American fine art photographer (1891–1979)

Laura Gilpin (April 22, 1891 – November 30, 1979) was an American photographer.

Gilpin is known for her photographs of Native Americans, particularly the Navajo and Pueblo, and Southwestern landscapes. Gilpin began taking photographs as a child in Colorado and formally studied photography in New York from 1916 to 1917 before returning to her home in Colorado to begin her career as a professional photographer.

==Life==
Gilpin was the daughter of Frank Gilpin and Emma Miller. Frank was a cattle rancher from Philadelphia, while Emma grew up in St. Louis and Chicago. Although Emma moved to Colorado to be with her husband, she longed for the more cultured surroundings of big cities. When Gilpin was born, her parents had to travel to a home in Austin Bluffs, some 65 mi from their ranch at Horse Creek because this was the location that was closest to a doctor. As this was her first child Mrs. Gilpin wanted to ensure the safety of her daughter in any way possible.

Gilpin enjoyed exploring the outdoors as a child, and her father encouraged her to go camping and hiking in the Colorado landscape. Gilpin's father took several jobs during her childhood, and in 1902 he moved to Durango, Mexico to manage a mine. Several months after he moved there Gilpin's mother joined him, leaving their two children (Laura and her brother) in the care of the directors of Gilpin's school, Mr. and Mrs. William Stark.

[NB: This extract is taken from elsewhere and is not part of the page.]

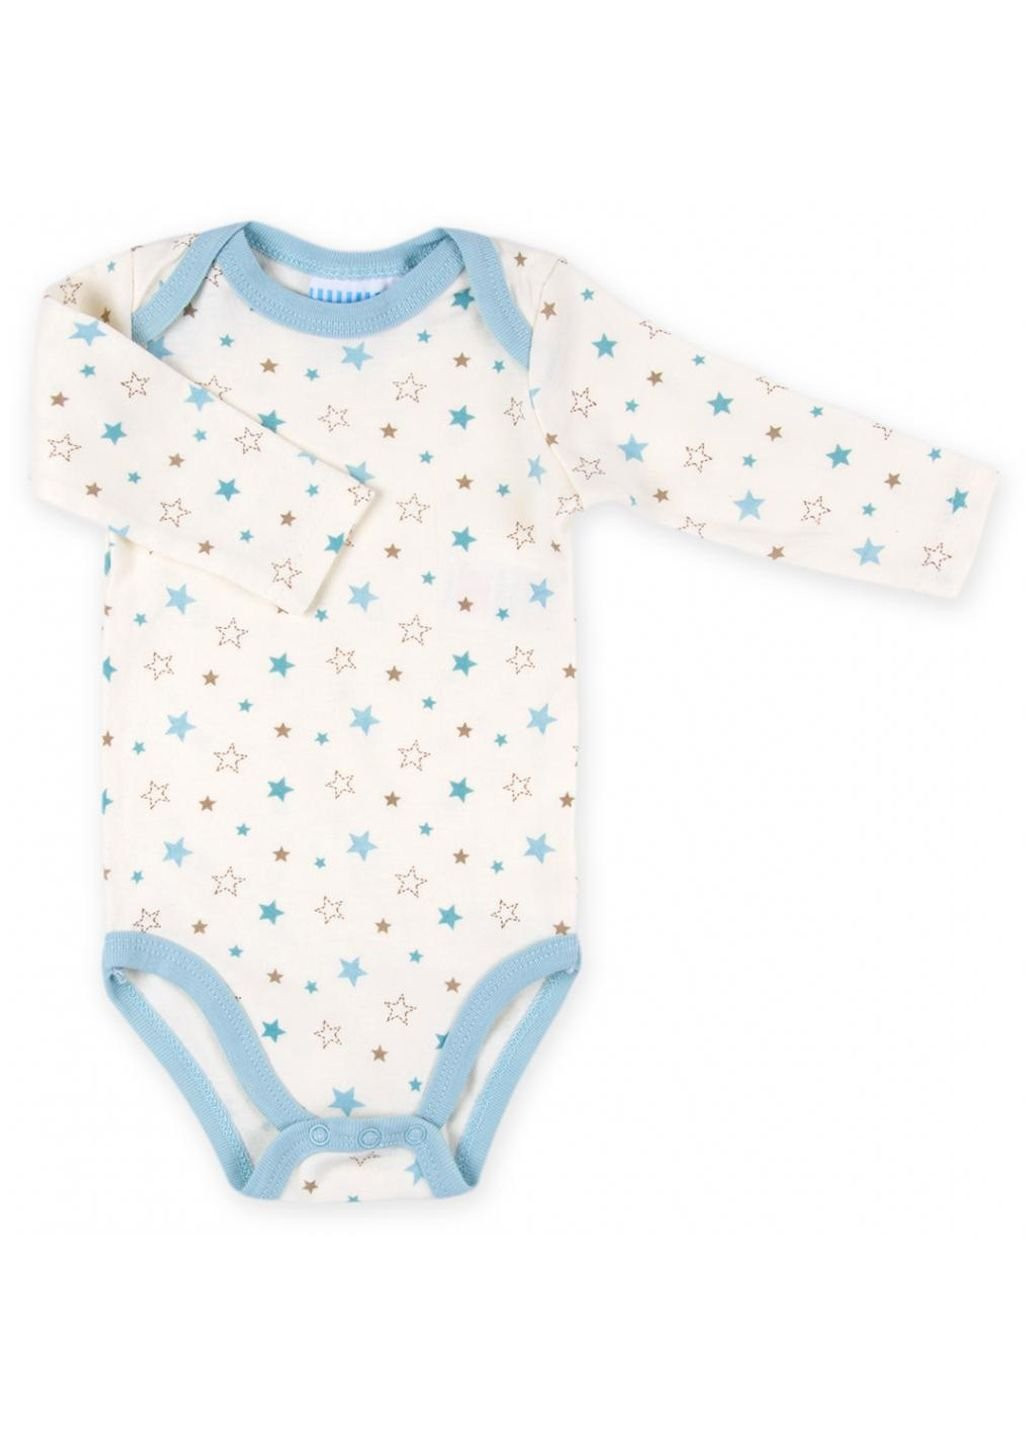 Голубой демисезонный набор детской одежды для мальчиков подарочный 7 предметов (g8314.0-3) Luvena Fortuna
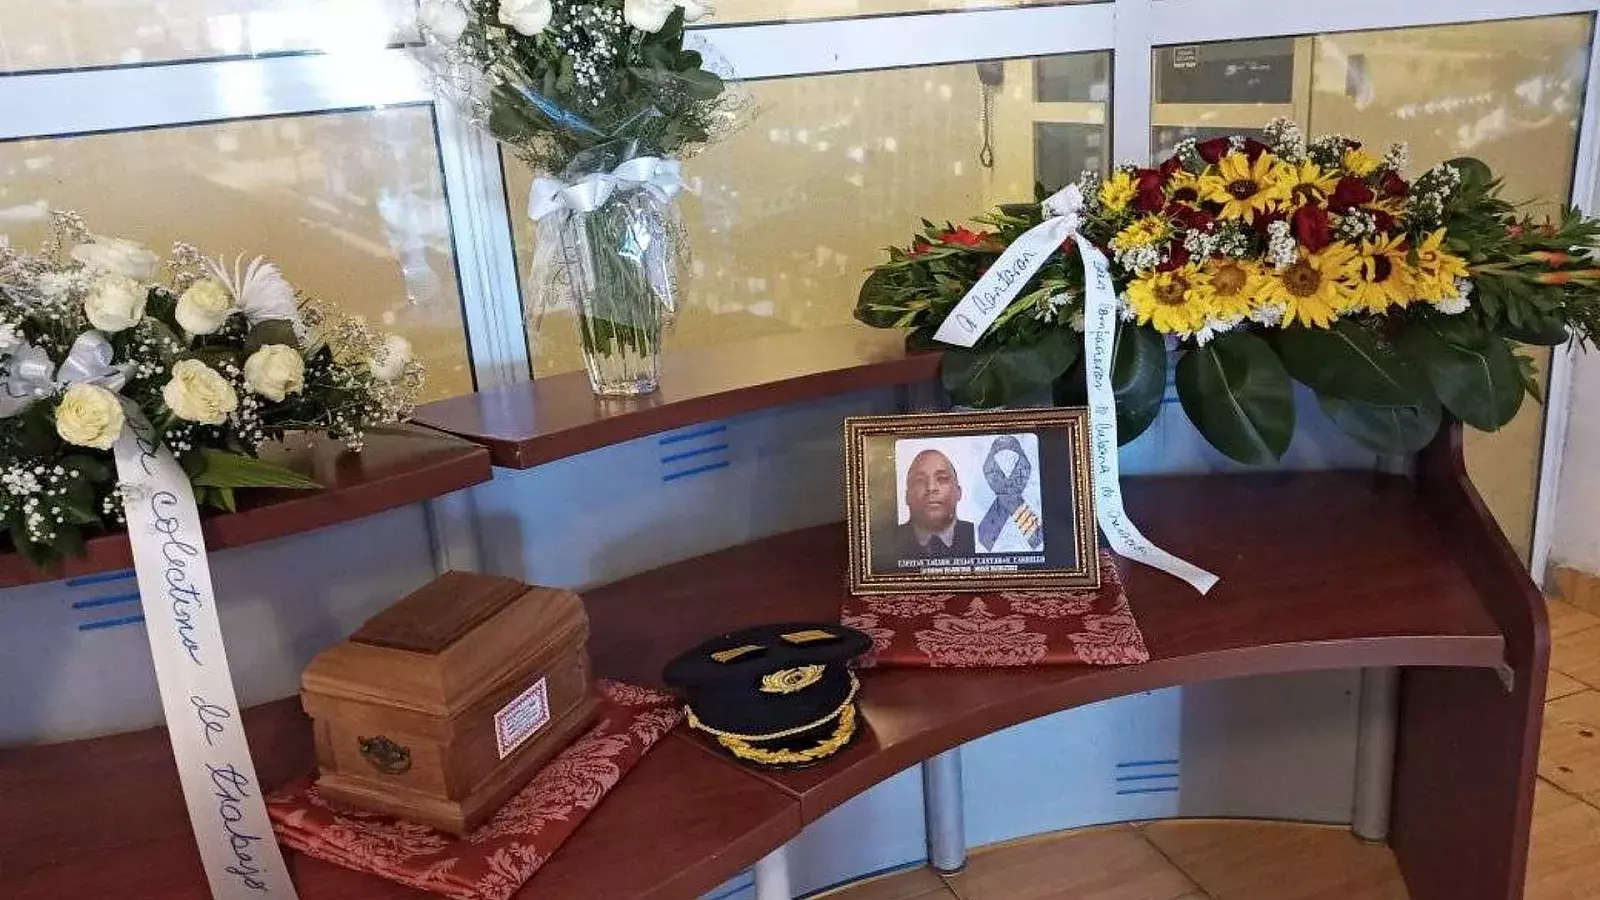 La empresa cubana publicó imágenes de un homenaje que sus trabajadores le realizaron al Capitán Lantaron Carrillo, pero no dieron detalles sobre su fallecimiento

In 1903, for her twelfth birthday, Gilpin received a Kodak Brownie Camera (and later received a developing tank for Christmas). Gilpin used this camera incessantly for several years. She considered the year 1904 to be a very important point in her life. During this year, Gilpin's mother sent her to visit her closest friend and Gilpin's namesake, Laura Perry, in St. Louis. Gilpin was there during the great Louisiana Purchase Exposition. Perry was blind, and it was Gilpin's task to describe every exhibit to her in detail. They visited the fair every other day for a month, and she later said "The experience taught me the kind of observation I would have never learned otherwise."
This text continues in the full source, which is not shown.